Regarding completeness of differential diagnoses, ChatGPT’s answer was 62.50% total complete, 28.13% mostly complete and 9.38% included only basics. In none of the cases, the answers were poor or very poor.
Stage 4: What is the correct treatment for this patient?
At this stage, the correctness and completeness of recommendations of ChatGPT for the treatment were assessed (Fig. 5). At this stage the given information about the case included initial presentation, history, and ROS and physical examinations and workup results (imaging, laboratory results, biopsies and consultations) and final diagnosis.
As shown in Fig. 5,
Regarding correctness in treatment recommendations, ChatGPT answers were 50% totally correct, 31.25% mostly correct and 18.75% uncertain. In none of the cases, the answers were totally or mostly incorrect.

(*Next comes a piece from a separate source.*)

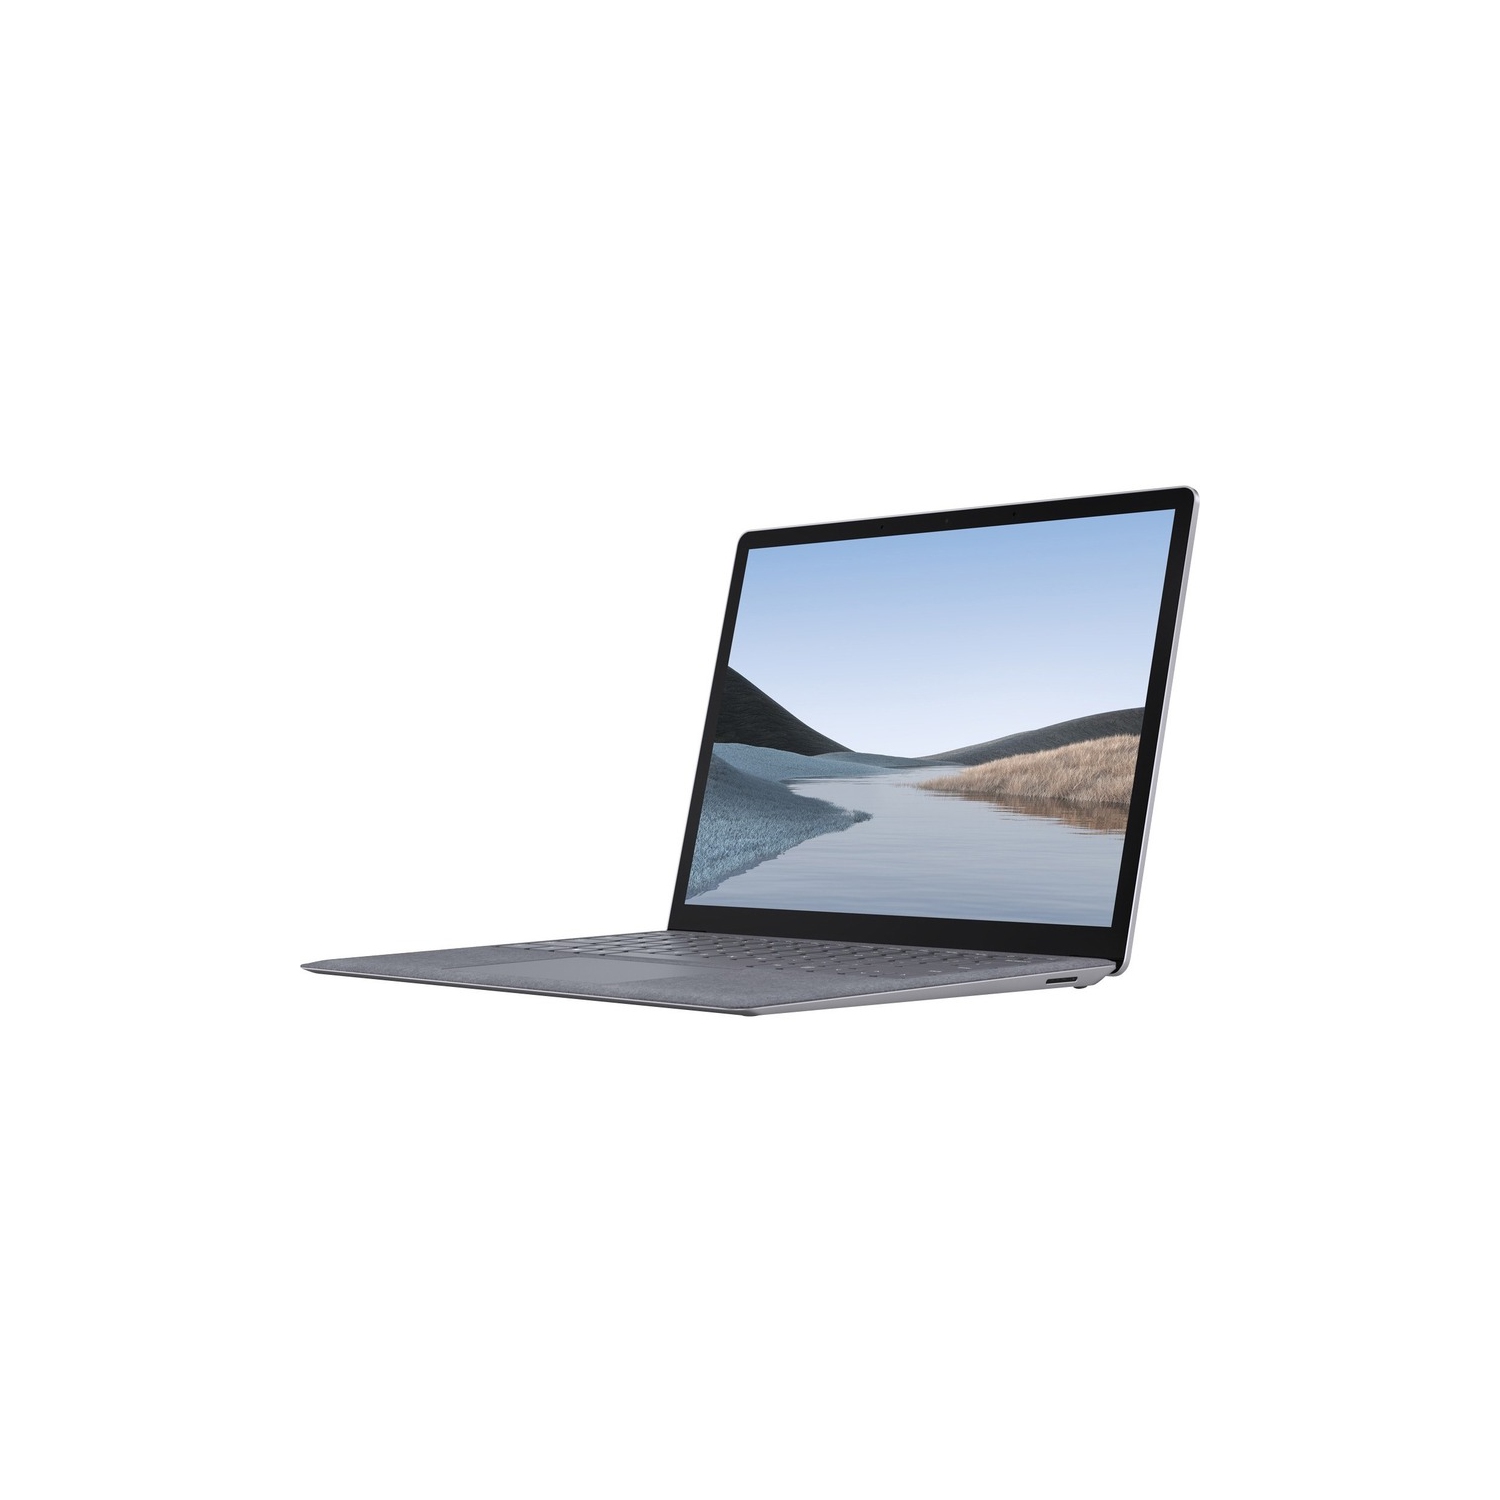 Refurbished (Good) - Microsoft Surface Laptop 3 3 13.5" Touchscreen Notebook Intel i5-1035G3 16 GB LPDDR4 256 GB SSD Windows 10 Pro 64-Bit

Regarding completeness of differential diagnoses, ChatGPT’s answer was 59.38% totally complete, 31.25% mostly complete and 9.38% included only basics. In none of the cases, the answers were poor or very poor.
Trends in appropriateness of ChatGPT answers in different stages of the study
In terms of correctness (Figs. 2 to 5), the percentage of totally correct answers given by ChatGPT showed a slight decrease: 75% (for treatment), 65.63% (for workups), 53.13% (for DDx) and 50% (for treatment). This is contrary to the increase in the given information to ChatGPT at each stage.
As the study proceeded, the percentage of totally correct answers decreased, giving an increase in the percentage of mostly correct and uncertain answers.
The average score (quantitative scores from 1 to 5) of correctness is shown in Fig. 6. The mean scores of correctness show a slight decrease in each stage as the study proceeds.
In terms of completeness (Figs. 2 to 5), the percentage of totally complete answers given by ChatGPT also showed a slight decrease: 81.25% (for treatment), 62.50 (for workups), 62.50% (for DDx) and 59.38% (for treatment). This is contrary to the increase in the given information to ChatGPT at each stage.
As the study proceeded, the percentage of totally complete answers decreased, rising to the percentage of almost complete and only basics answers.
Figure 7 corresponds to the average completeness scores (1 to 5) at each stage of the study. The means of completeness scores were 4.81, 4,47, 4,53, 4,50 respectively.